Both Ray and Pearson credit the successes to date to some key elements:

• A common willingness to take risks

• The ability to make the right contacts and attract students/employees at the right time

• An early link they established between the business and scientific side of their endeavor

“Dr. Ray isn’t caught up with control, and I’m willing to spend time on developing a company,” says Pearson. “These key ingredients don’t always come together in an academic spinout company.

“It’s important to remember that commercialization and research are two different worlds. Unless you’ve been involved on the business side of taking a product to market, it can be a difficult process for academic professors to understand.”

But learning about the commercialization process is exactly what Ray finds so interesting — it’s a new level of knowledge that she feels will help make her a more valuable resource to her students at Dartmouth.

“I feel like the many hats that I wear at Sound Innovations keep me connected to the real world,” she says. “For example, it’s been a true learning experience to understand our customers — 17- and 18-year-old soldiers aren’t interested in their hearing when they need to focus on survival. Our challenge has been to find a way to enable them to focus and protect their hearing, all at the same time.”

The Sound Innovations team is well on its way to developing the next generation of aviation communications headsets that rely on their patented digital-signal processing methods for active noise reduction that cancel noise by producing diametrically opposed sounds. They’re also developing proprietary chip and electronic designs and innovative mechanical designs for advanced noise reduction and communication products.

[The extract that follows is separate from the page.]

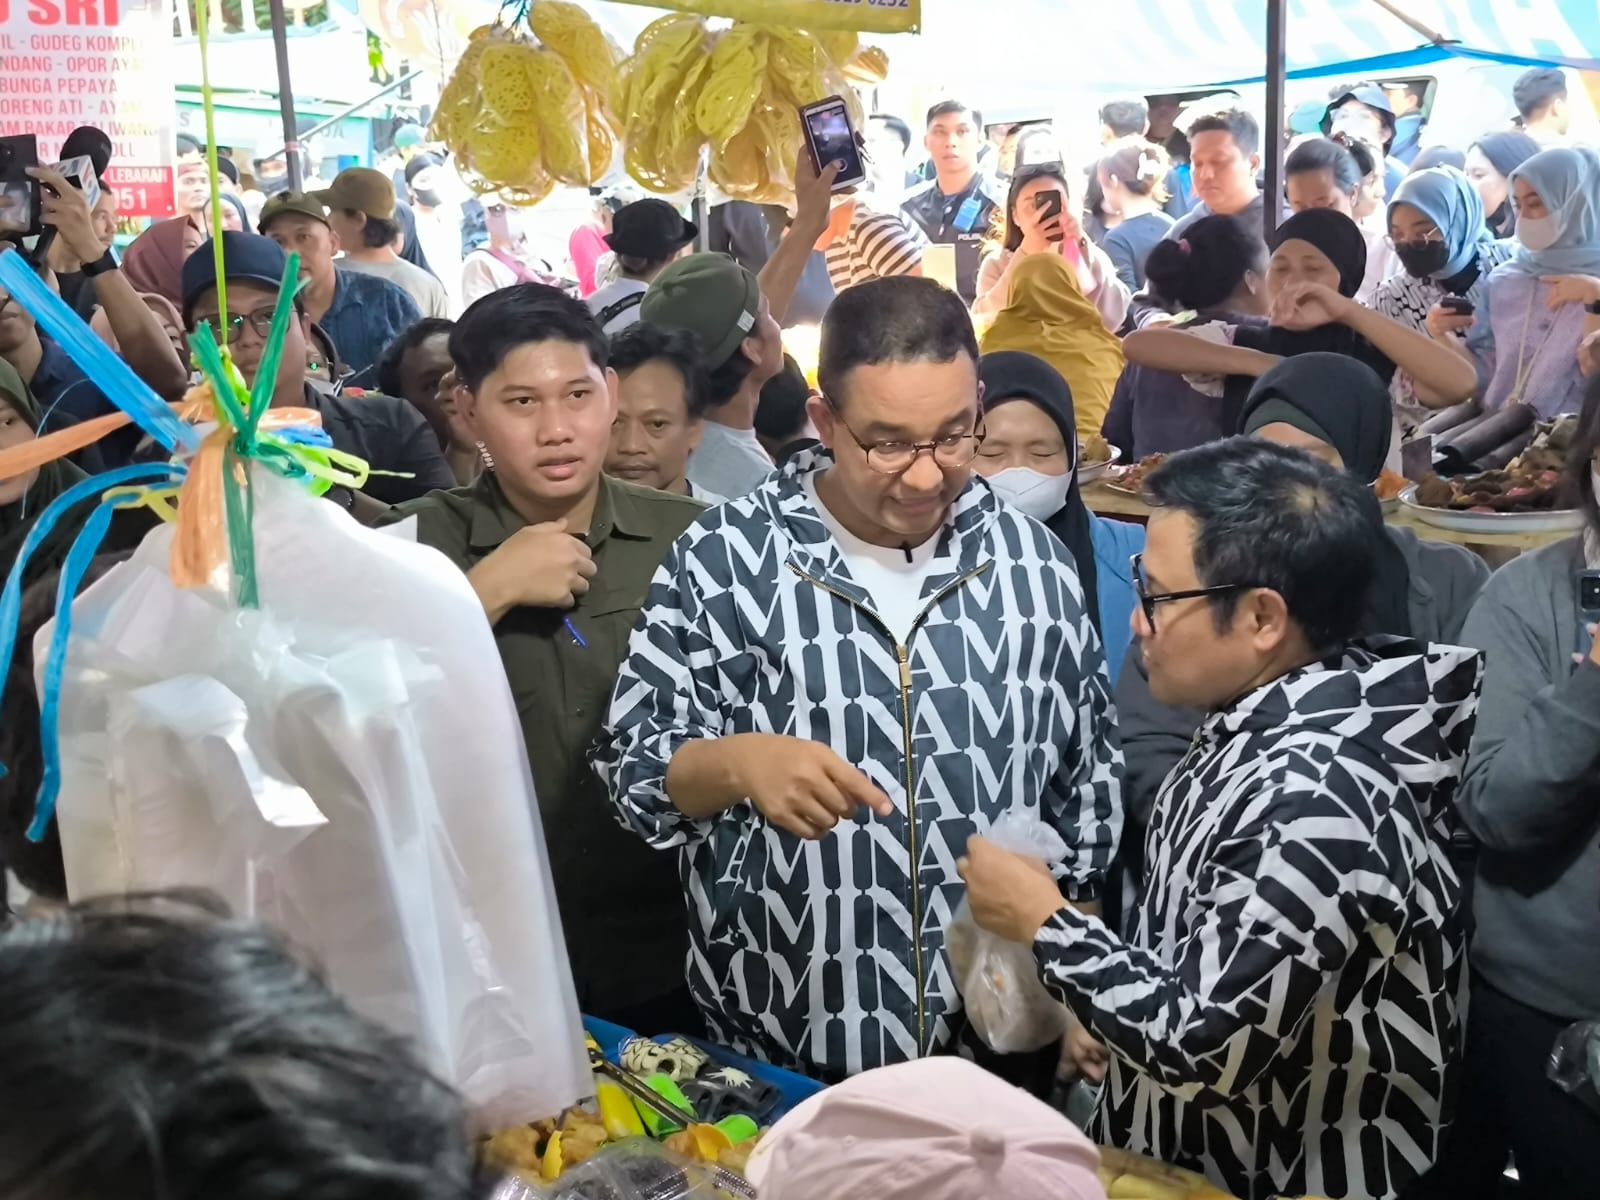 Jelang Pengumuman KPU, Anies-Cak Imin War Takjil di Pasar Benhil

These products are expected to improve the work environment of active-duty soldiers and industrial workers by protecting and enhancing their hearing, allowing clear, two-way communication in noisy environments and enabling them to effectively listen to sounds from a distance.

“In the case of Sound Innovations, we were right to support this spinout that needed latitude to build a business and it’s worked out so beautifully,” Gold says. “The inventor was able to pair herself with the right manager and team to help commercialize this licensed Dartmouth technology that shows great promise of benefiting the public, exactly the kind of realization envisioned in the Bayh-Dole Act.”